Wolfson is a biased source, and proved it lavishly by his appearance at a death cult meeting at the University of Pennsylvania. He shared the dais with Michael Schiavo, Dr. Ronald "Humane Death" Cranford and Judge Greer -- all the heavy hitters (except Felos) on the kill-Terri team.
bjs1779, do you remember where you posted MS's testimony? It's the segment where he also admitted stealing his wife's wedding rings and killing her cats.
It's not a strawman at all. It cannot be argued that Terri was some other life form than animal. The law allows no exceptions.
The lesson is larger, however. Terri Schiavo was treated in a way that violated the letter and spirit of animal CRUELTY laws. Do you suppose she could not feel the pain? Her medical records for fifteen years are full of notations about her experiencing and being treated for pain. Her doctors and nurses knew she could feel pain. She wasn't merely put to death. She was tortured to death.
With a dose of Ambien, Terri might have been able to say what happened to her on February 25, 1990. None of her detractors will give us any answer on that. What did happen? How did a healthy young woman, mostly likely asleep, suddenly end up on the floor, face down, nearly dead, soon after her husband got home late one Saturday night?
Healthy young women do not keel over that way. No natural cause was found. Bulimia was ruled out. For the most obvious possible cause of Terri's injuries -- domestic violence -- there is only one suspect and he has no alibi.

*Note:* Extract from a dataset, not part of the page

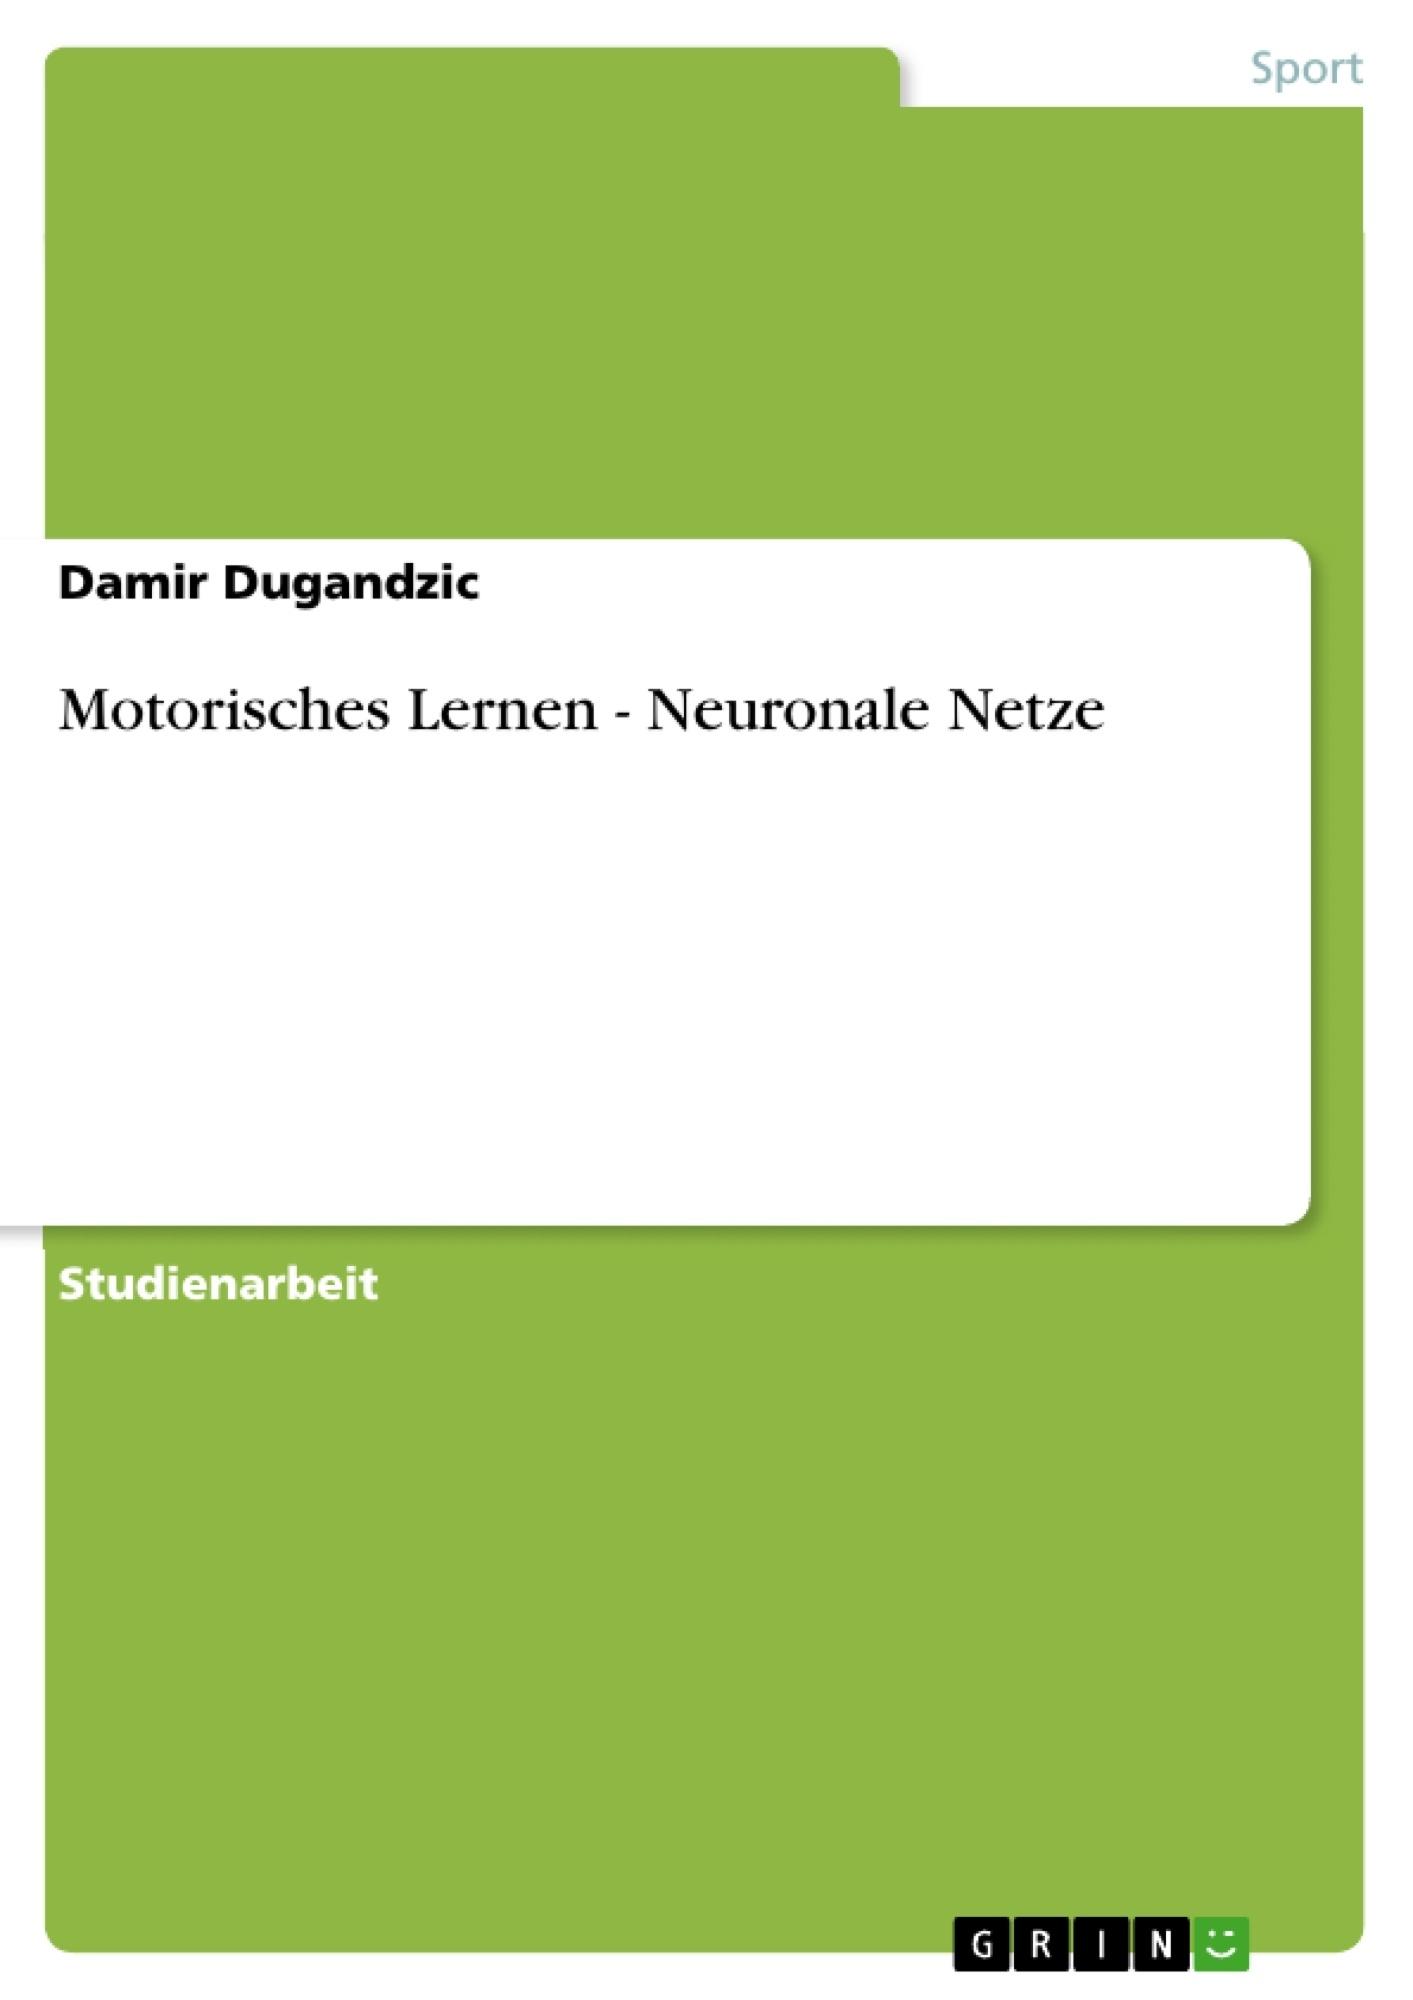 Titel: Motorisches Lernen - Neuronale Netze
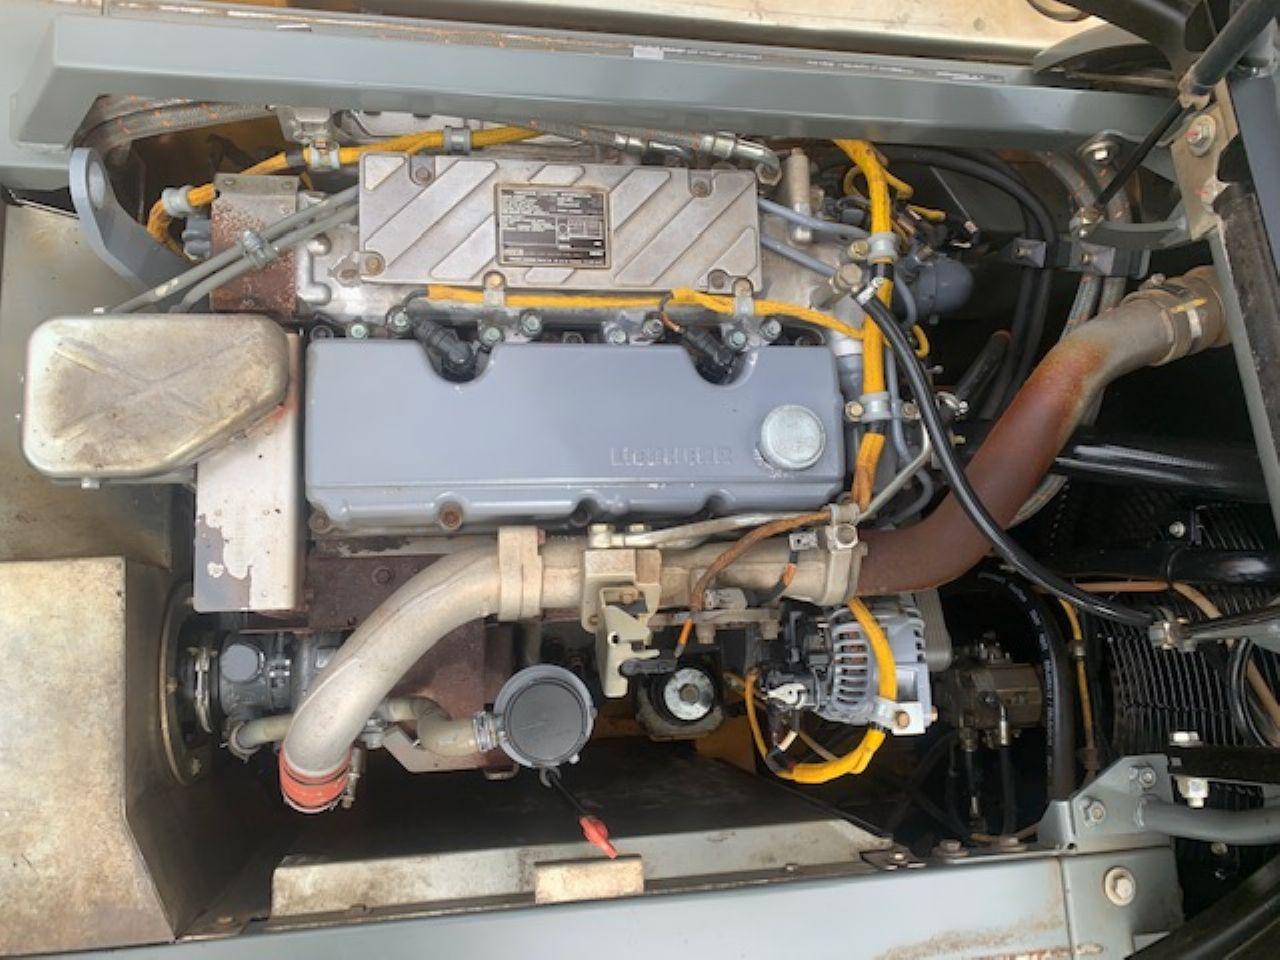 LIEBHERR R922 LC EXCAVATOR - Picture 7

The irony, in all such cases, is that atonement (whether religious or psychological) can only come through contrition. If someone does something wrong, trying to pretend it's right will not make it okay; it will just magnify the wrongdoing by aiding and abbetting those who do likewise. For a person to recognize that they did something wrong is not a black mark--actually, it's a good mark because it suggests the person may be wiser next time.
He confessed to having tried to kill her in a 1993 deposition. That's less than four years.
aw rats! shift-five not shift-four
True, but my point was that hearsay in any case is considered very weak evidence.
"And your medical information comes from where??"
From reading less biased sources than your Wolfson report.